Why do you allow -- Perez, I'm curious...
HILTON: How are they not the same...
PRAGER: Please, allow me to ask you.
PRAGER: Do you believe that there should be Boy Scouts and Girl Scouts or is that separate -- is that also separate and equal and, therefore, not allowable?
HILTON: I believe that men and women are the same.
PRAGER: No. No. You're not answering me. Tell me.
HILTON: They both have...
PRAGER: Oh, we're not...
HILTON: ...an intellect. I think they're both equally...
PRAGER: Oh, you -- OK.
HILTON: ...should have. Explain yourself again, please, because I -- I believe that...
PRAGER: OK. Sure.
HILTON: I believe that I am the same as my sister.
PRAGER: If you believe that...
HILTON: We may have different body parts, but we're...
PRAGER: No. If you only think...
HILTON: ...and make equal contributions...
All right, Perez...
HILTON: ...to society.
PRAGER: Perez, I actually respect your intellectual honesty here. See, a lot of people I debate on this acknowledge that men and women are profoundly different. Perez thinks that we are, except for body parts, identical. If you believe that, then it doesn't matter what gender you marry.
But if you acknowledge that men and women are profoundly different, that a mother can give something to a child that no two men can give, that a man can give to a child something no two women can give, then you want to retain marriage as specifically male/female.
HILTON: Well, I think that marriage as an institution is great for families. And when you deny gay and lesbian couples the right to marry, you are hurting American families.
Is that what you want to do?
KING: All right. Now these...
HILTON: Do you want to hurt American families?

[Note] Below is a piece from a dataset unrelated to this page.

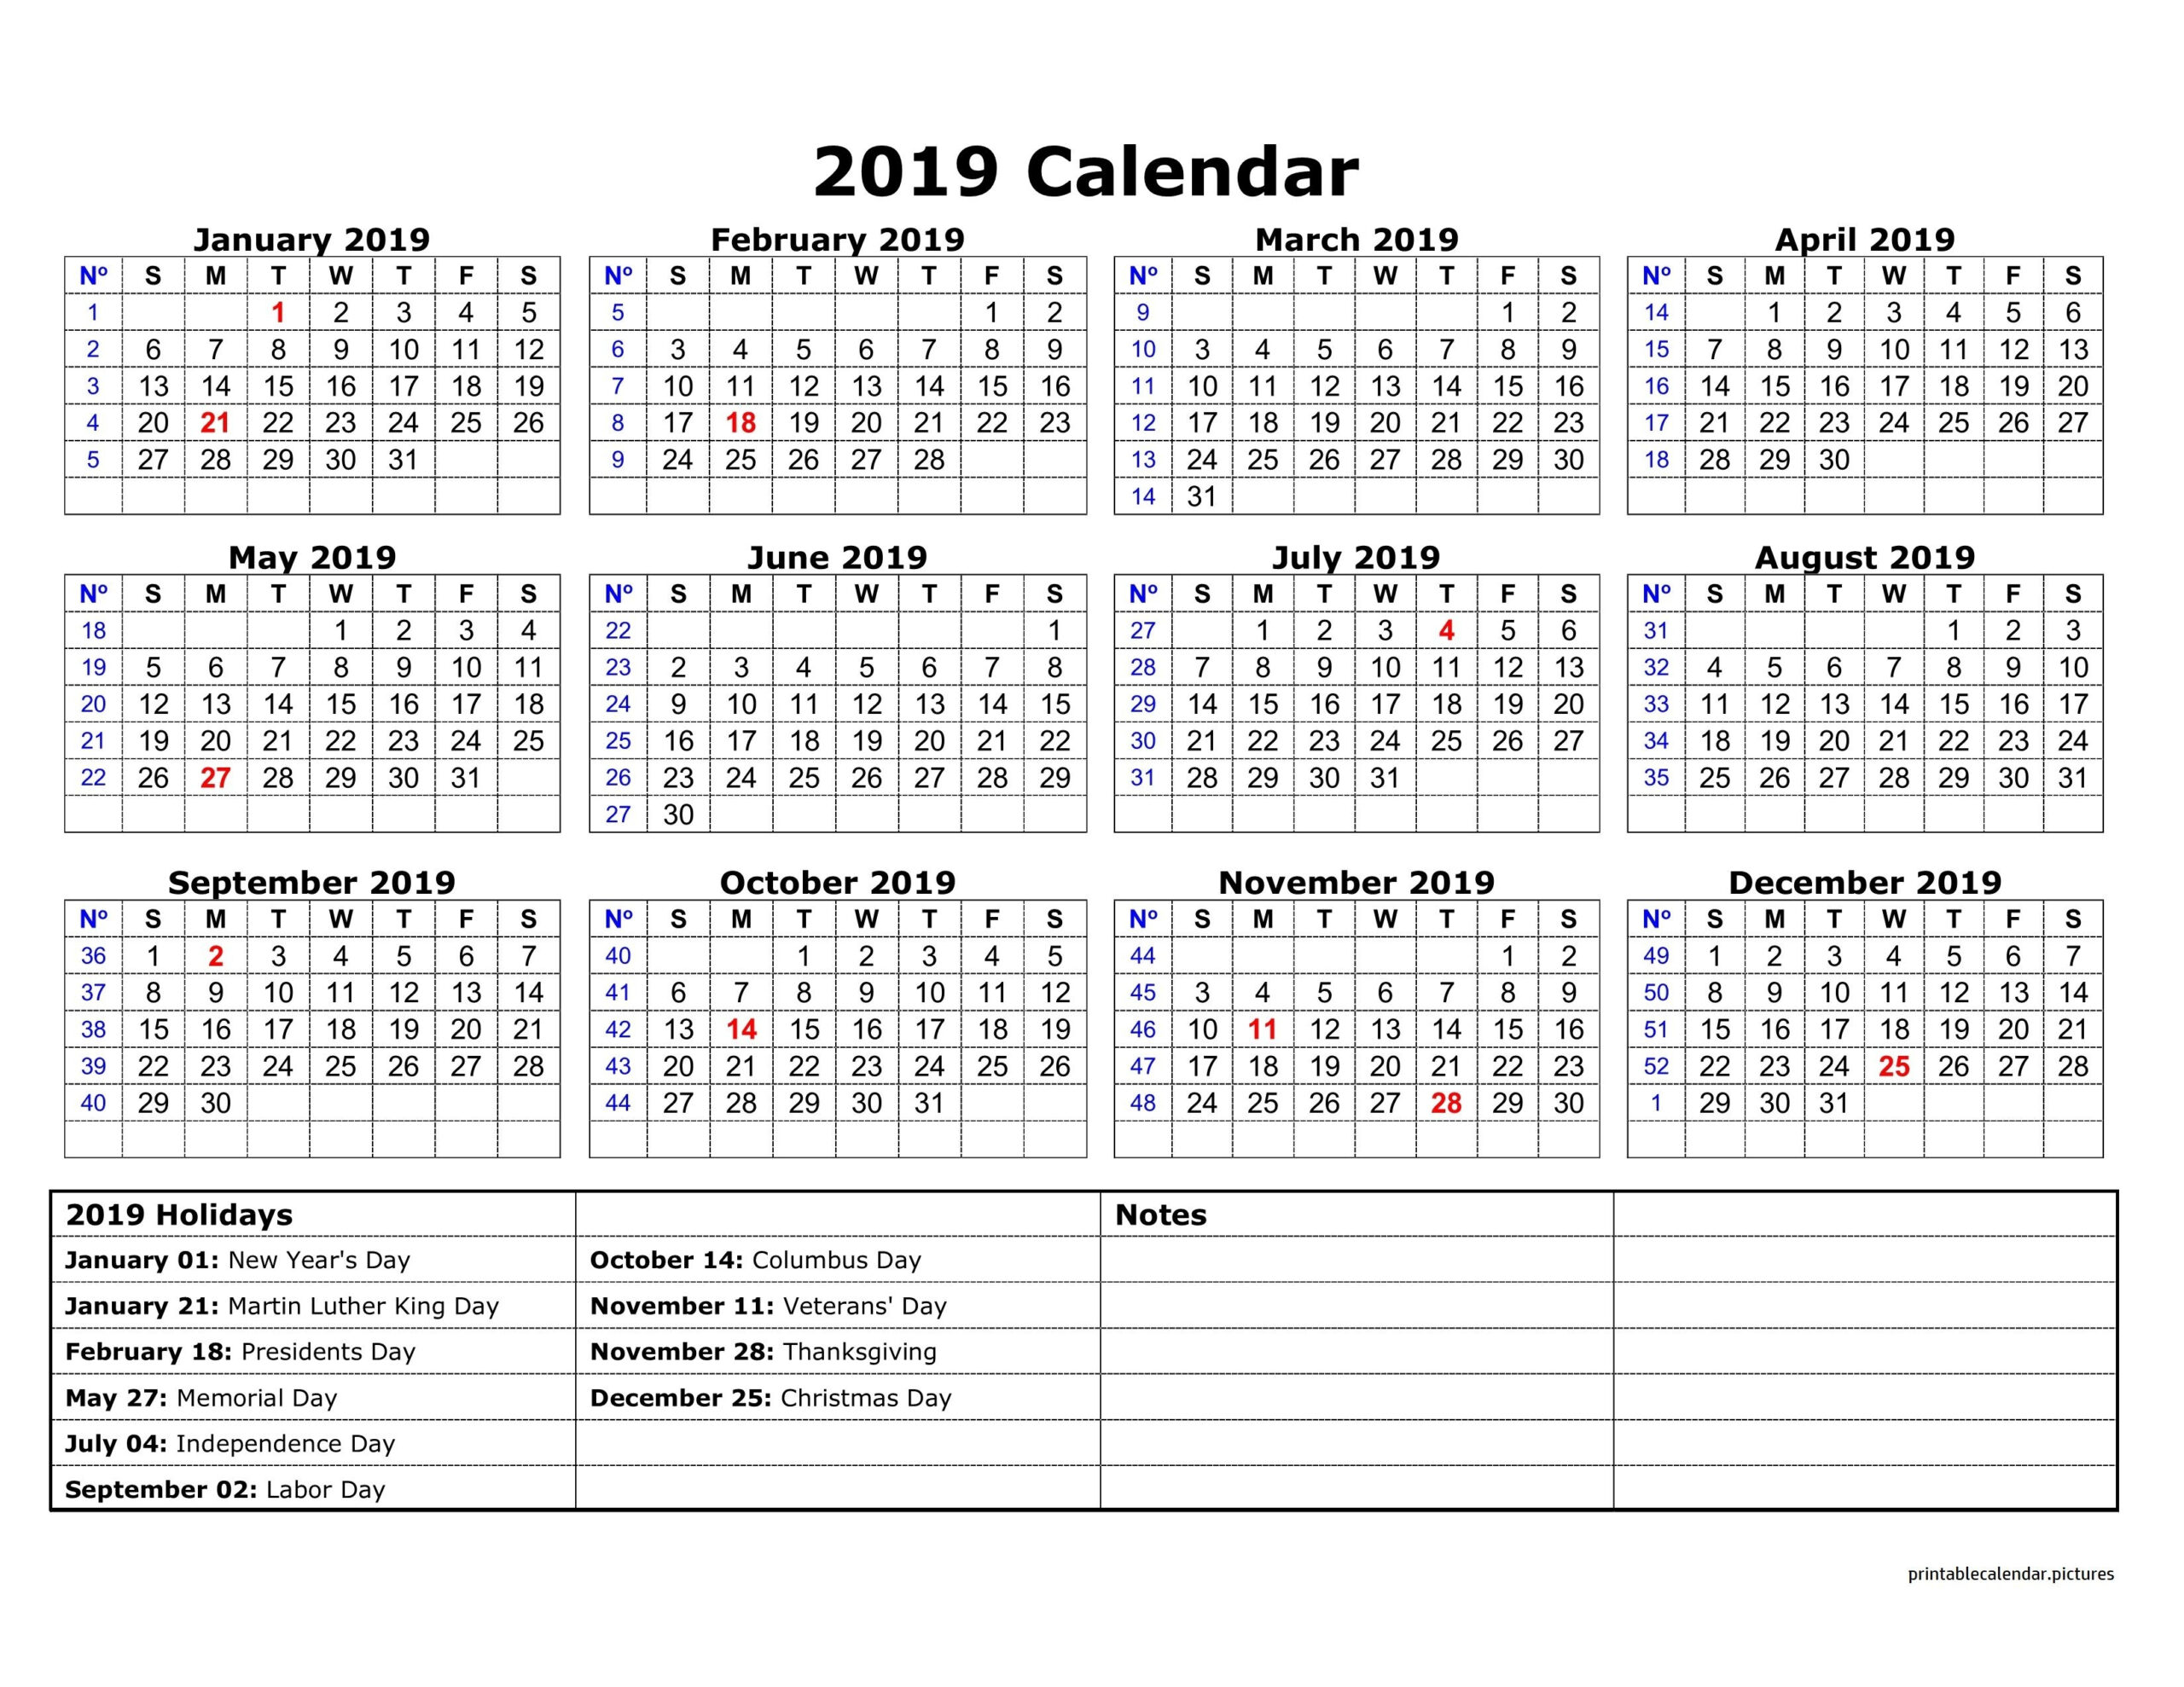 Australian Calendar 2019 Printable   Qualads within Important Awarness Dates 2021 Australia

PRAGER: No. No. I -- no. But I would like the family to be based on the most important institution we have in society, marriage, where given that 97 percent of society is straight, I don't think we need to redefine marriage when we can be...
HILTON: I would have to argue with that number...
PRAGER: ...when we can be fair to gays and give them all the rights that married people have without redefining the term so that little kids will have to be asked -- I'll give you one example. Like, here. EHarmony is a company that matches people together. They were forced by gay groups in court to have to -- they have to, they have no choice. They must allow people to seek people of the same sex.
Why can't we have the freedom to have a singles meeting place where men meet women and have gays allowed to meet on their own places on the Internet? Why force...
KING: Do you favor the eHarmony ruling?
PRAGER: Did I or Perez?
KING: No, did you?
PRAGER: No, of course, it's not right.
If a comp -- if a company wishes to match men and women, it should be allowed.
And if a company wishes to match men and men, it should be allowed.
KING: But you said also that you have compassion.
PRAGER: I absolutely do.
KING: But that would be a door shut to them.
PRAGER: Yes, it's a door shut to them in the same sense that there are places that want to appeal to gays that are shut to me as a straight. People should be allowed.
KING: What places?
PRAGER: There are competing goods here. There is compassion on the one side and there is freedom of the association on the other.
KING: All right. All right. Hold it.
HILTON: I think it has nothing do with compassion and it has everything to do with equality. For example, if I wanted to go to your country club but they said no gays allowed, do you think that's fair?
PRAGER: No. That would not be fair. But if my country club was for men and -- or there was a women's country club, I think that that is fair. I think it's OK for men to be with men.
KING: Well, Perez...
PRAGER: I think it's OK for women to be with women.
HILTON: I think it's OK for men to be with men, as well.
PRAGER: I'm sure that's true.
HILTON: And I think it's OK for men to marry men.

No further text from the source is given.